(Task statement): Reproduce the entries exactly. Omit none of them.

[Dataset records]
....

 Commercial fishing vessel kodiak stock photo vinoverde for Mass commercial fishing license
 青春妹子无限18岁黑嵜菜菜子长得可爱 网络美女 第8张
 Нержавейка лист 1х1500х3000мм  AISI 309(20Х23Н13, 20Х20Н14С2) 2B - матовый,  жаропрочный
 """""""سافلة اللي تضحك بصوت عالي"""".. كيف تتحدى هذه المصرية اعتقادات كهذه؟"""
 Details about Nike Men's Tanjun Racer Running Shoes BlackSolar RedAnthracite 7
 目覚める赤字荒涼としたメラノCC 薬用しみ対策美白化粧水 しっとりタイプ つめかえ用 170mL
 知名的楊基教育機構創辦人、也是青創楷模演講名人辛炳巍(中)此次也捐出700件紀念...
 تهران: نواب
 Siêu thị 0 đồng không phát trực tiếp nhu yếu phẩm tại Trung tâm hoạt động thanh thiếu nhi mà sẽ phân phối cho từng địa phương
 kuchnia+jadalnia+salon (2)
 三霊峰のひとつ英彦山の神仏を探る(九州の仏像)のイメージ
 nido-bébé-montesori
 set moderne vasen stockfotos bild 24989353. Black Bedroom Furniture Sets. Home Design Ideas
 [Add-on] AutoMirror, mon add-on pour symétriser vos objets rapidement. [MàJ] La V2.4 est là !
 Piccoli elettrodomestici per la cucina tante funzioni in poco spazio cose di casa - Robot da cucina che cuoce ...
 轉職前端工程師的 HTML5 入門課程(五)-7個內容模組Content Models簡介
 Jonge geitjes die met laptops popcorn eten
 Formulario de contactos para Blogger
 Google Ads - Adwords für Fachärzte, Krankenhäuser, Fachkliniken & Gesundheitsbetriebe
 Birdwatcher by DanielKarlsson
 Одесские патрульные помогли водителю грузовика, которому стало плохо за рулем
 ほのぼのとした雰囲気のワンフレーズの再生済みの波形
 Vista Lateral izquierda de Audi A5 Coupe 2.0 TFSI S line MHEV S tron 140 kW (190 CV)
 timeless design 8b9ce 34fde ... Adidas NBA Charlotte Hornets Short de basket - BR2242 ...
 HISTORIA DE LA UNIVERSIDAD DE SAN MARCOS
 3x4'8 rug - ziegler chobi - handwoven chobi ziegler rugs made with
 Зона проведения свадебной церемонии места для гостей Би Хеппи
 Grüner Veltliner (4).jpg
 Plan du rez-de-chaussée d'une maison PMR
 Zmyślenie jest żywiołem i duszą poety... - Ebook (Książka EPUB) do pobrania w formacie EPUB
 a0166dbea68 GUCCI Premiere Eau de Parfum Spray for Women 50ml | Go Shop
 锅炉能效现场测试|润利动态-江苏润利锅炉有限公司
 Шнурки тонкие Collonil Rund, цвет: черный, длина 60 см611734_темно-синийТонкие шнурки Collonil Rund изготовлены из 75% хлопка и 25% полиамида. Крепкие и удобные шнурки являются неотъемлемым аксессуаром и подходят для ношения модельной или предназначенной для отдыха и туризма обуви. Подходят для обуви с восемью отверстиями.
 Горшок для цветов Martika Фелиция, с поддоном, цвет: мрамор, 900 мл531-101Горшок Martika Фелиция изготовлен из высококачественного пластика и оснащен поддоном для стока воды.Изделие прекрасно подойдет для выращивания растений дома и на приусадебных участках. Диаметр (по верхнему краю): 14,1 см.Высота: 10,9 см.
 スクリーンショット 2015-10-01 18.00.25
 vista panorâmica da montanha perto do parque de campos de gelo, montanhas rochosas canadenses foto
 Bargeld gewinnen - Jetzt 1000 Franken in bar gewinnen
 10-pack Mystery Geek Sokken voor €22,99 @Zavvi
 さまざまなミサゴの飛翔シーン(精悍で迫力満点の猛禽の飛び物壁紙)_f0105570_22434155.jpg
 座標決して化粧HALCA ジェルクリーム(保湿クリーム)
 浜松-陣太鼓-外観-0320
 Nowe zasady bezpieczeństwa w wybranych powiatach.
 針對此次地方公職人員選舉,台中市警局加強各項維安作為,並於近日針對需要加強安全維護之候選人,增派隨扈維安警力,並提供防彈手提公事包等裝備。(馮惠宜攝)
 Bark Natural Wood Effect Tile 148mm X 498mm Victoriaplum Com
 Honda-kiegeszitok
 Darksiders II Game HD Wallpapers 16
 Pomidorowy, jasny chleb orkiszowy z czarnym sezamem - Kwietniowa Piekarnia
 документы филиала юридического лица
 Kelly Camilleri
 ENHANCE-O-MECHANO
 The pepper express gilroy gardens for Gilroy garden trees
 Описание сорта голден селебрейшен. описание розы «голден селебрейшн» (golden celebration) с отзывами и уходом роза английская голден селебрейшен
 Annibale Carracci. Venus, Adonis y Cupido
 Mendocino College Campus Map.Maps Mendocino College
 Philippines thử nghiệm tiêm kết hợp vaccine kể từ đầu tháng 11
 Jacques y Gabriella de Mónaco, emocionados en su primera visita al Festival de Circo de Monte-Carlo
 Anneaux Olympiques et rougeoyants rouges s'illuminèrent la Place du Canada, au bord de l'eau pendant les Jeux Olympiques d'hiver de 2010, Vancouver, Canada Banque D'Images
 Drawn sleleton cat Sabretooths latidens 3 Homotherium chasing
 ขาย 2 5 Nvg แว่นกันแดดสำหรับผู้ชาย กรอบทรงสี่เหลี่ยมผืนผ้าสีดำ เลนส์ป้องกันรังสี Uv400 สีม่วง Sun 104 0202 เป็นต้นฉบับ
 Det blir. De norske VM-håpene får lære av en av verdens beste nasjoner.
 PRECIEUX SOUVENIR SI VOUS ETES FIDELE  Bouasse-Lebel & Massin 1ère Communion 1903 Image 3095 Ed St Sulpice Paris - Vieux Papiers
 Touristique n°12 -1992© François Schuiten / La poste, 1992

....

(Output below):
 Commercial fishing vessel kodiak stock photo vinoverde for Mass commercial fishing license
 青春妹子无限18岁黑嵜菜菜子长得可爱 网络美女 第8张
 Нержавейка лист 1х1500х3000мм  AISI 309(20Х23Н13, 20Х20Н14С2) 2B - матовый,  жаропрочный
 """""""سافلة اللي تضحك بصوت عالي"""".. كيف تتحدى هذه المصرية اعتقادات كهذه؟"""
 Details about Nike Men's Tanjun Racer Running Shoes BlackSolar RedAnthracite 7
 目覚める赤字荒涼としたメラノCC 薬用しみ対策美白化粧水 しっとりタイプ つめかえ用 170mL
 知名的楊基教育機構創辦人、也是青創楷模演講名人辛炳巍(中)此次也捐出700件紀念...
 تهران: نواب
 Siêu thị 0 đồng không phát trực tiếp nhu yếu phẩm tại Trung tâm hoạt động thanh thiếu nhi mà sẽ phân phối cho từng địa phương
 kuchnia+jadalnia+salon (2)
 三霊峰のひとつ英彦山の神仏を探る(九州の仏像)のイメージ
 nido-bébé-montesori
 set moderne vasen stockfotos bild 24989353. Black Bedroom Furniture Sets. Home Design Ideas
 [Add-on] AutoMirror, mon add-on pour symétriser vos objets rapidement. [MàJ] La V2.4 est là !
 Piccoli elettrodomestici per la cucina tante funzioni in poco spazio cose di casa - Robot da cucina che cuoce ...
 轉職前端工程師的 HTML5 入門課程(五)-7個內容模組Content Models簡介
 Jonge geitjes die met laptops popcorn eten
 Formulario de contactos para Blogger
 Google Ads - Adwords für Fachärzte, Krankenhäuser, Fachkliniken & Gesundheitsbetriebe
 Birdwatcher by DanielKarlsson
 Одесские патрульные помогли водителю грузовика, которому стало плохо за рулем
 ほのぼのとした雰囲気のワンフレーズの再生済みの波形
 Vista Lateral izquierda de Audi A5 Coupe 2.0 TFSI S line MHEV S tron 140 kW (190 CV)
 timeless design 8b9ce 34fde ... Adidas NBA Charlotte Hornets Short de basket - BR2242 ...
 HISTORIA DE LA UNIVERSIDAD DE SAN MARCOS
 3x4'8 rug - ziegler chobi - handwoven chobi ziegler rugs made with
 Зона проведения свадебной церемонии места для гостей Би Хеппи
 Grüner Veltliner (4).jpg
 Plan du rez-de-chaussée d'une maison PMR
 Zmyślenie jest żywiołem i duszą poety... - Ebook (Książka EPUB) do pobrania w formacie EPUB
 a0166dbea68 GUCCI Premiere Eau de Parfum Spray for Women 50ml | Go Shop
 锅炉能效现场测试|润利动态-江苏润利锅炉有限公司
 Шнурки тонкие Collonil Rund, цвет: черный, длина 60 см611734_темно-синийТонкие шнурки Collonil Rund изготовлены из 75% хлопка и 25% полиамида. Крепкие и удобные шнурки являются неотъемлемым аксессуаром и подходят для ношения модельной или предназначенной для отдыха и туризма обуви. Подходят для обуви с восемью отверстиями.
 Горшок для цветов Martika Фелиция, с поддоном, цвет: мрамор, 900 мл531-101Горшок Martika Фелиция изготовлен из высококачественного пластика и оснащен поддоном для стока воды.Изделие прекрасно подойдет для выращивания растений дома и на приусадебных участках. Диаметр (по верхнему краю): 14,1 см.Высота: 10,9 см.
 スクリーンショット 2015-10-01 18.00.25
 vista panorâmica da montanha perto do parque de campos de gelo, montanhas rochosas canadenses foto
 Bargeld gewinnen - Jetzt 1000 Franken in bar gewinnen
 10-pack Mystery Geek Sokken voor €22,99 @Zavvi
 さまざまなミサゴの飛翔シーン(精悍で迫力満点の猛禽の飛び物壁紙)_f0105570_22434155.jpg
 座標決して化粧HALCA ジェルクリーム(保湿クリーム)
 浜松-陣太鼓-外観-0320
 Nowe zasady bezpieczeństwa w wybranych powiatach.
 針對此次地方公職人員選舉,台中市警局加強各項維安作為,並於近日針對需要加強安全維護之候選人,增派隨扈維安警力,並提供防彈手提公事包等裝備。(馮惠宜攝)
 Bark Natural Wood Effect Tile 148mm X 498mm Victoriaplum Com
 Honda-kiegeszitok
 Darksiders II Game HD Wallpapers 16
 Pomidorowy, jasny chleb orkiszowy z czarnym sezamem - Kwietniowa Piekarnia
 документы филиала юридического лица
 Kelly Camilleri
 ENHANCE-O-MECHANO
 The pepper express gilroy gardens for Gilroy garden trees
 Описание сорта голден селебрейшен. описание розы «голден селебрейшн» (golden celebration) с отзывами и уходом роза английская голден селебрейшен
 Annibale Carracci. Venus, Adonis y Cupido
 Mendocino College Campus Map.Maps Mendocino College
 Philippines thử nghiệm tiêm kết hợp vaccine kể từ đầu tháng 11
 Jacques y Gabriella de Mónaco, emocionados en su primera visita al Festival de Circo de Monte-Carlo
 Anneaux Olympiques et rougeoyants rouges s'illuminèrent la Place du Canada, au bord de l'eau pendant les Jeux Olympiques d'hiver de 2010, Vancouver, Canada Banque D'Images
 Drawn sleleton cat Sabretooths latidens 3 Homotherium chasing
 ขาย 2 5 Nvg แว่นกันแดดสำหรับผู้ชาย กรอบทรงสี่เหลี่ยมผืนผ้าสีดำ เลนส์ป้องกันรังสี Uv400 สีม่วง Sun 104 0202 เป็นต้นฉบับ
 Det blir. De norske VM-håpene får lære av en av verdens beste nasjoner.
 PRECIEUX SOUVENIR SI VOUS ETES FIDELE  Bouasse-Lebel & Massin 1ère Communion 1903 Image 3095 Ed St Sulpice Paris - Vieux Papiers
 Touristique n°12 -1992© François Schuiten / La poste, 1992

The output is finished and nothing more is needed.